Directions
Give the records below again exactly, and exclude each picture.

*** Data extract ***

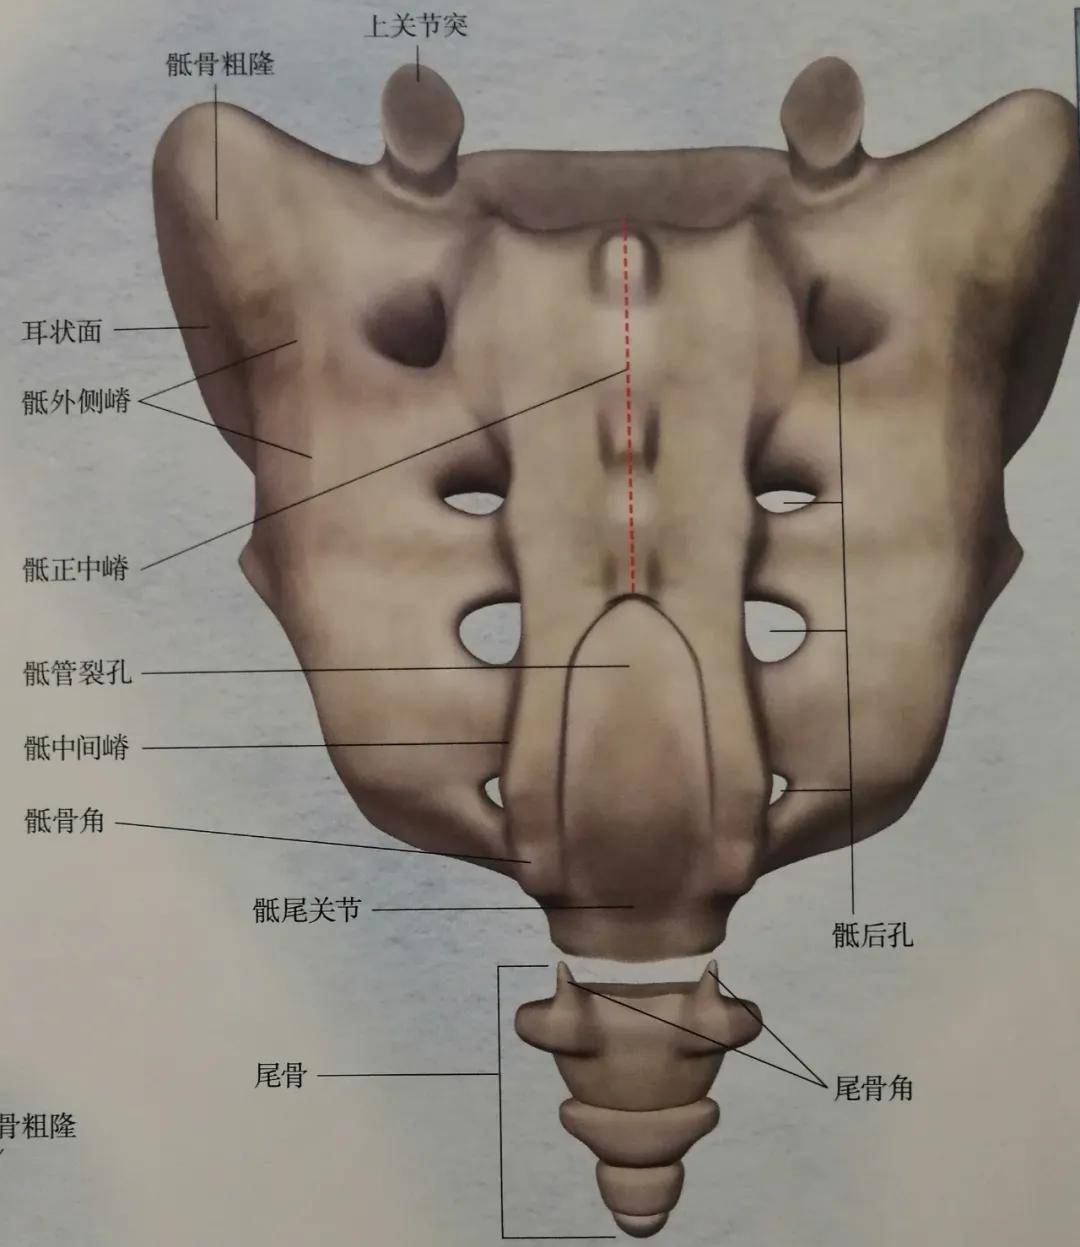 图片来源:《骨盆解剖及功能训练图解》在脊柱的最下方就是骶椎和尾椎
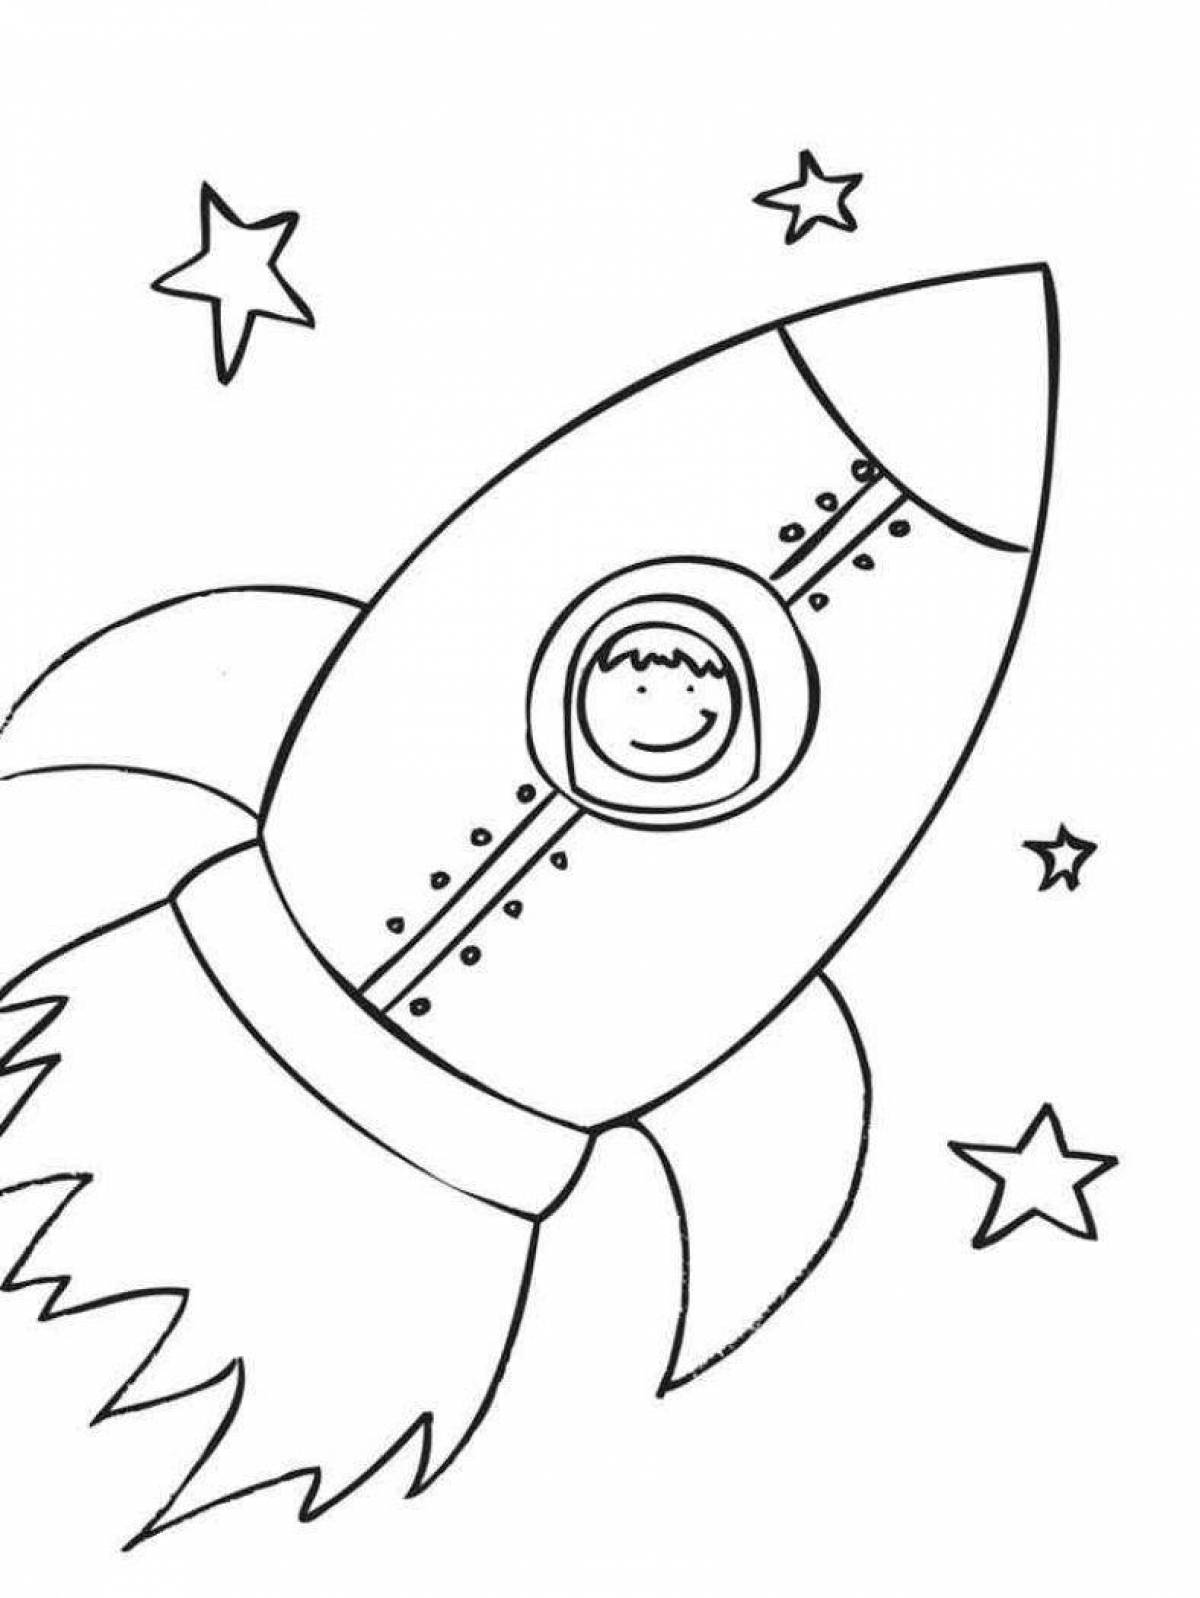 Поделка ко дню космонавтики шаблоны распечатать. Ракета раскраска. Раскраска для малышей. Космос. Космос раскраска для детей. Ракета раскраска для детей.
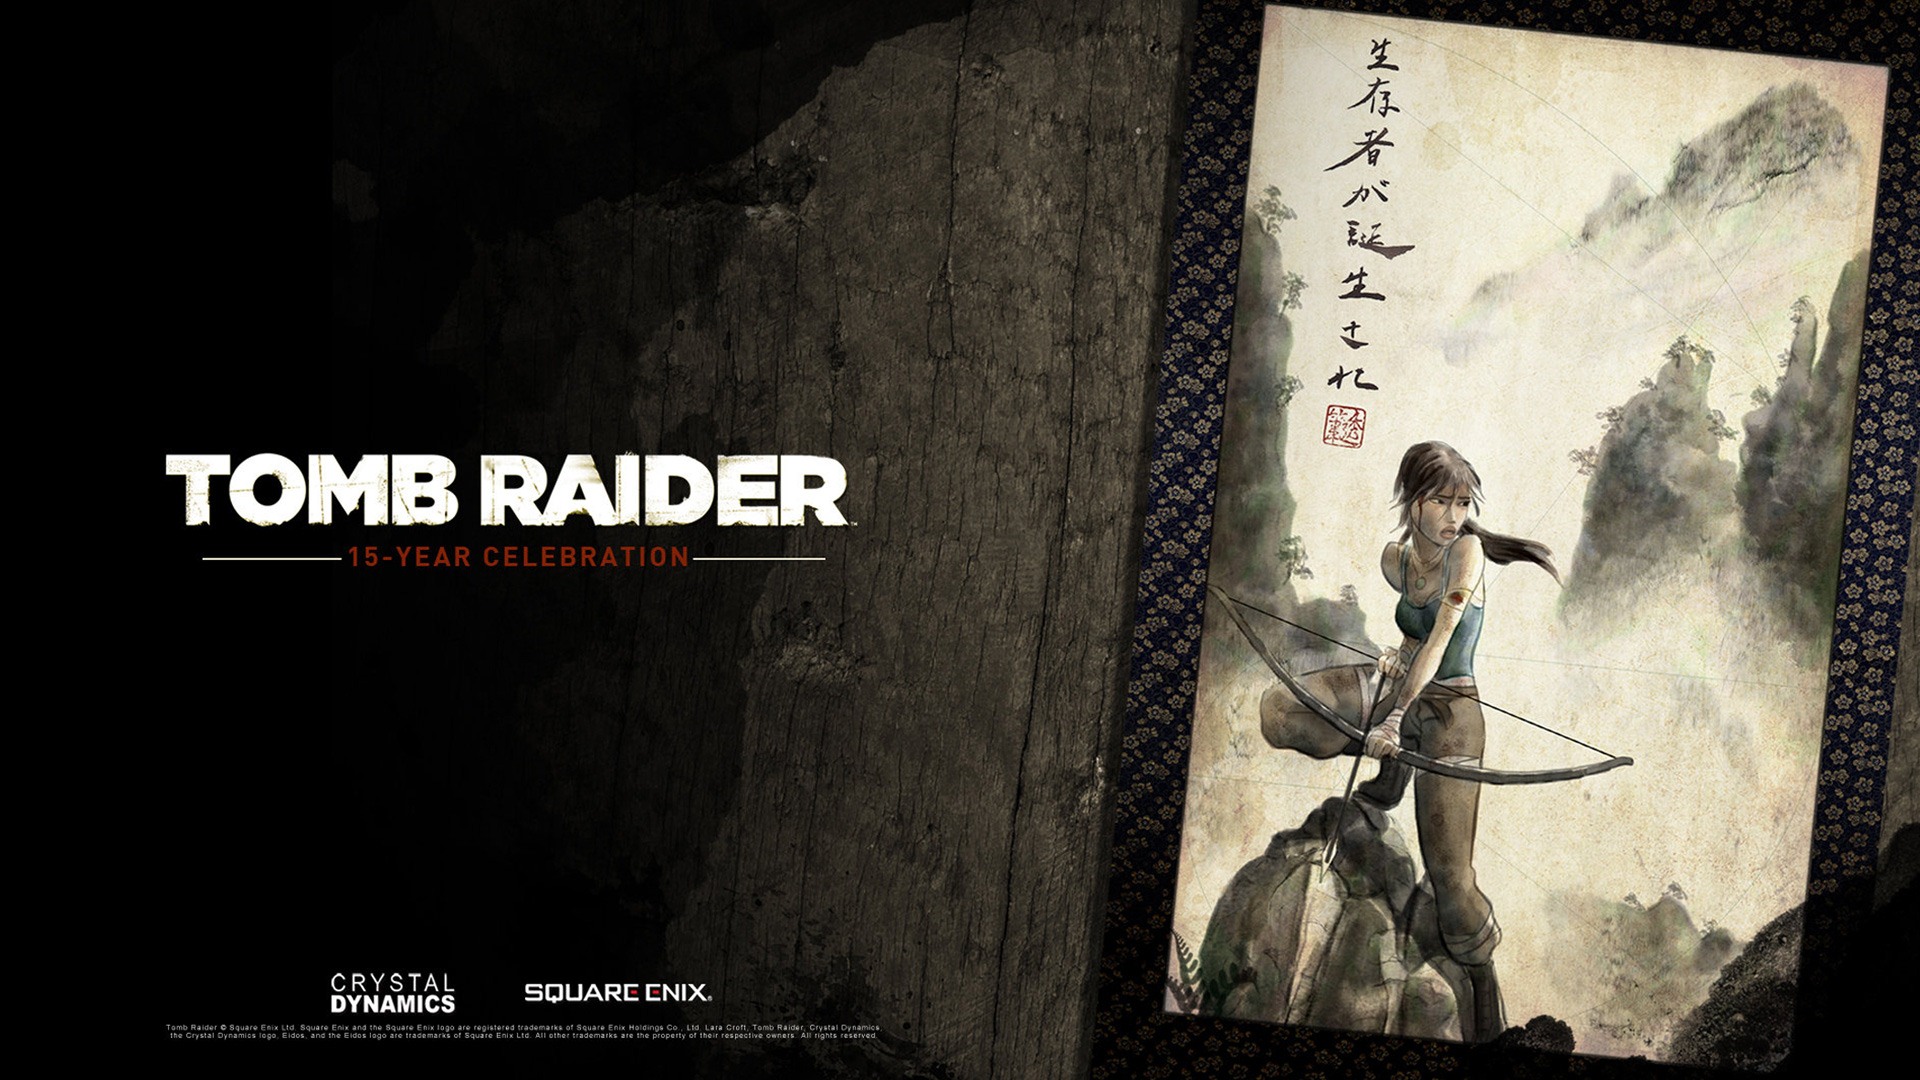 Tomb Raider 15-Year Celebration 古墓丽影15周年纪念版 高清壁纸14 - 1920x1080
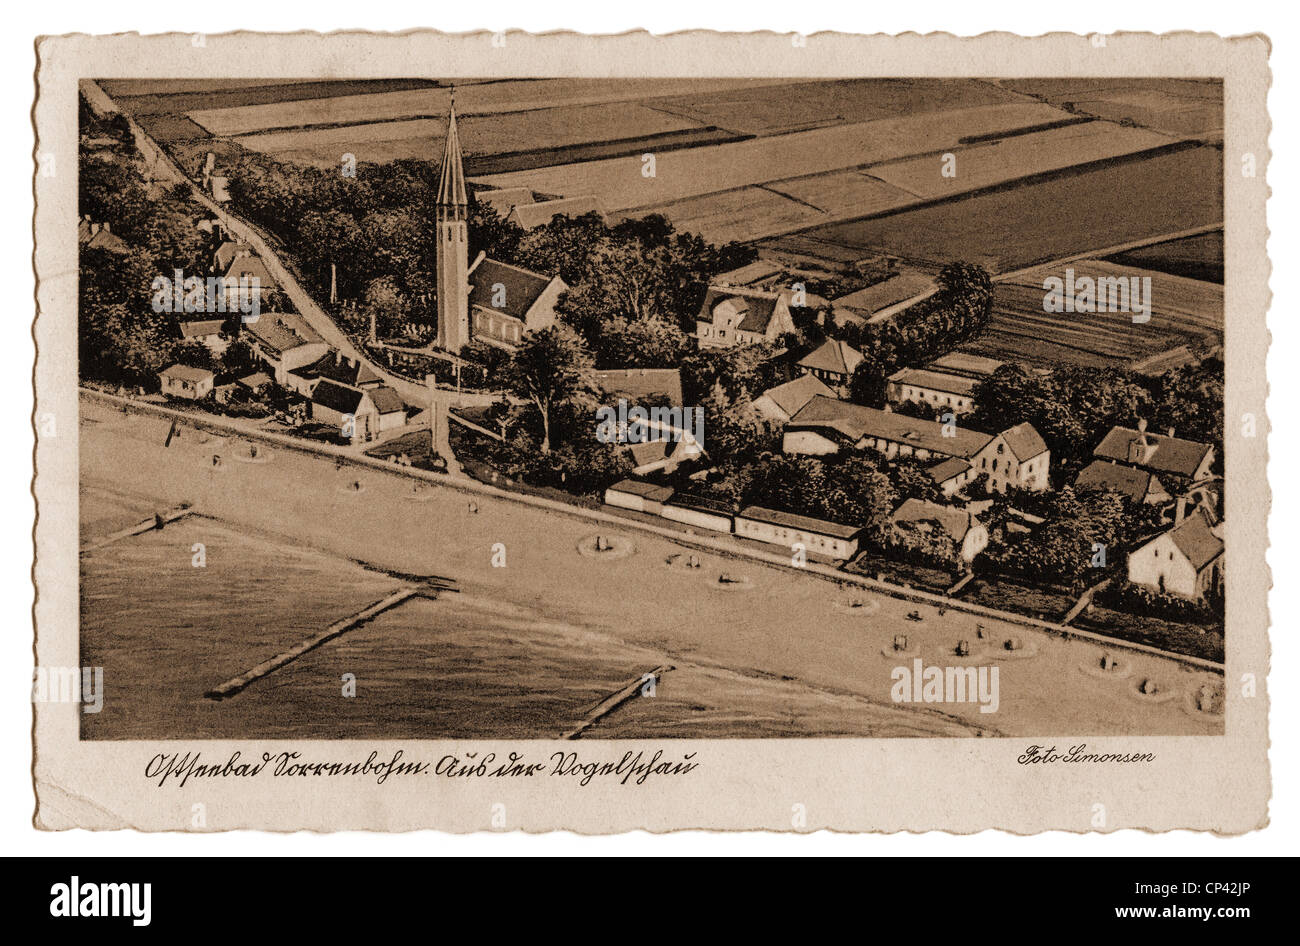 Baden, Badeort, Sarbinowo (Sorenbohm), weiter Pommerania, Luftaufnahme, Ansichtskarte, gestempelt 1942, Zusatzrechte-Clearences-nicht vorhanden Stockfoto
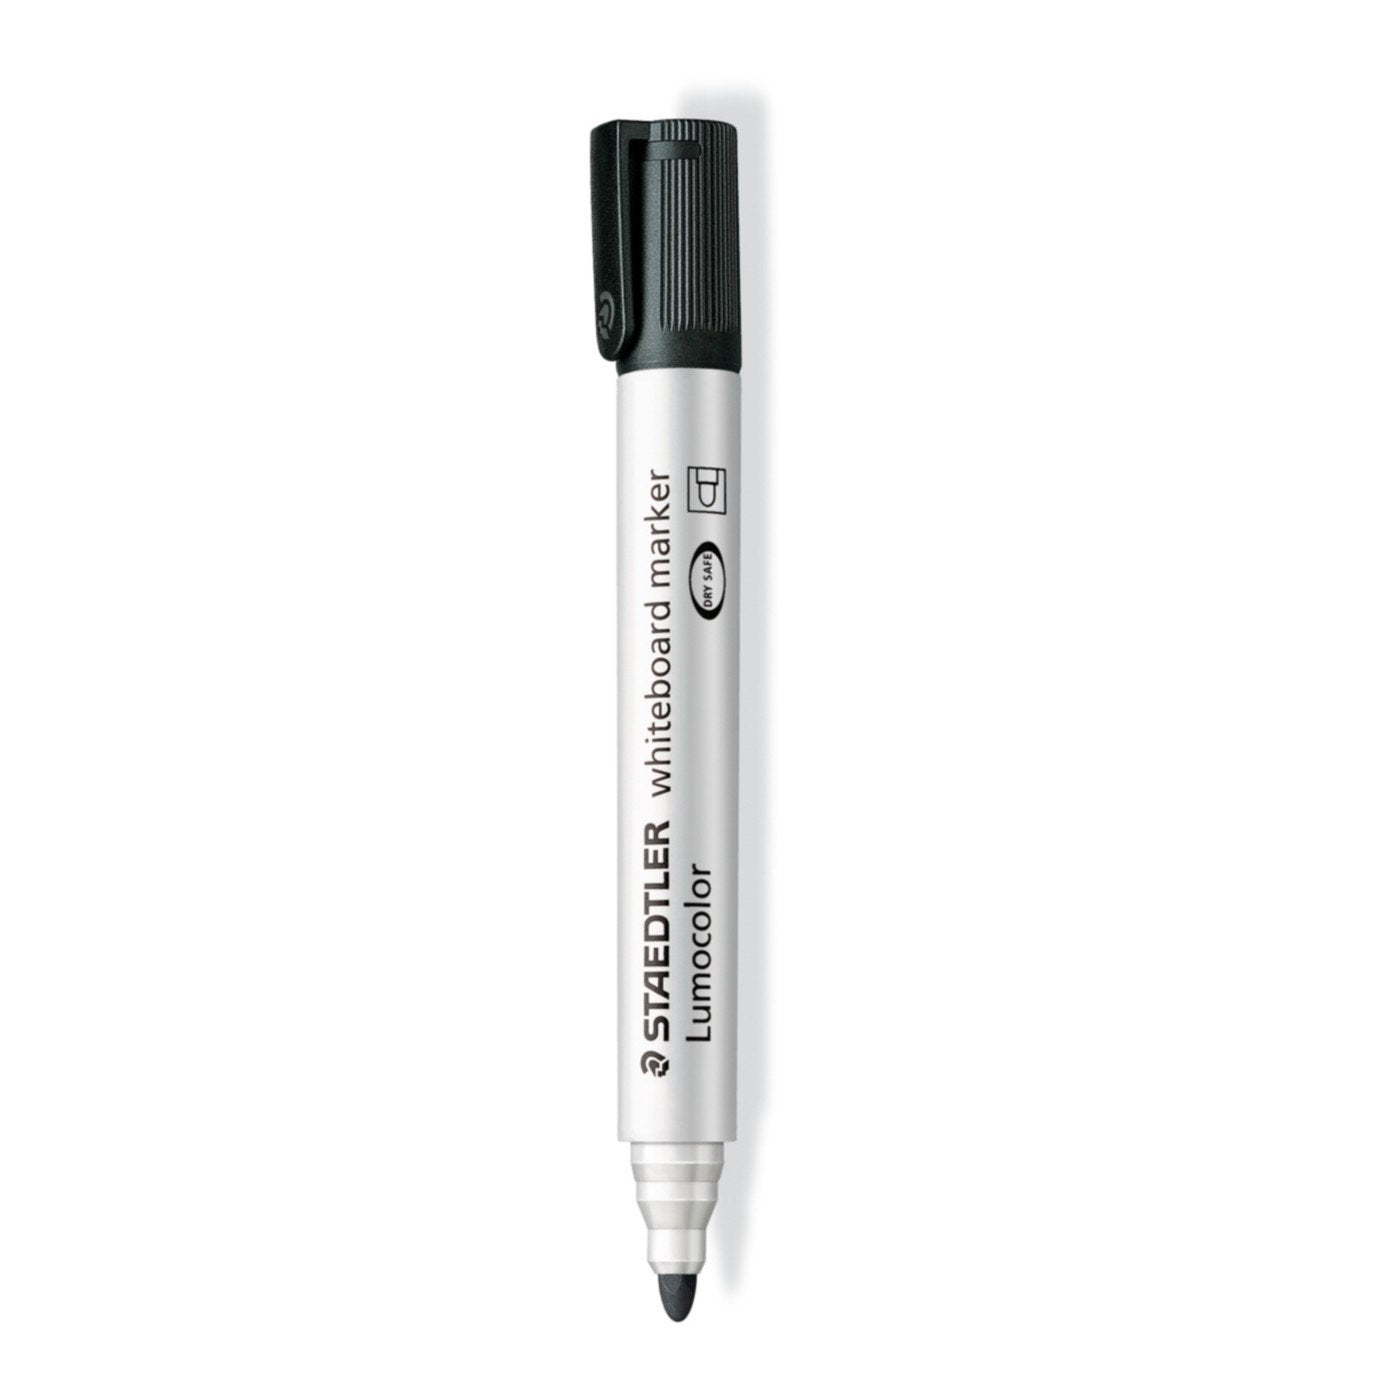 Staedtler Lumocolor Whiteboard Marker Pens 351 - Dry Erase Correction Pen -  Bullet Tip - Pack of 4 x Black

*** End of Data extract ***

Your response
 图片来源:《骨盆解剖及功能训练图解》在脊柱的最下方就是骶椎和尾椎
 Поделка ко дню космонавтики шаблоны распечатать. Ракета раскраска. Раскраска для малышей. Космос. Космос раскраска для детей. Ракета раскраска для детей.
 Tomb Raider 15-Year Celebration 古墓丽影15周年纪念版 高清壁纸14 - 1920x1080
 Baden, Badeort, Sarbinowo (Sorenbohm), weiter Pommerania, Luftaufnahme, Ansichtskarte, gestempelt 1942, Zusatzrechte-Clearences-nicht vorhanden Stockfoto
 Staedtler Lumocolor Whiteboard Marker Pens 351 - Dry Erase Correction Pen -  Bullet Tip - Pack of 4 x Black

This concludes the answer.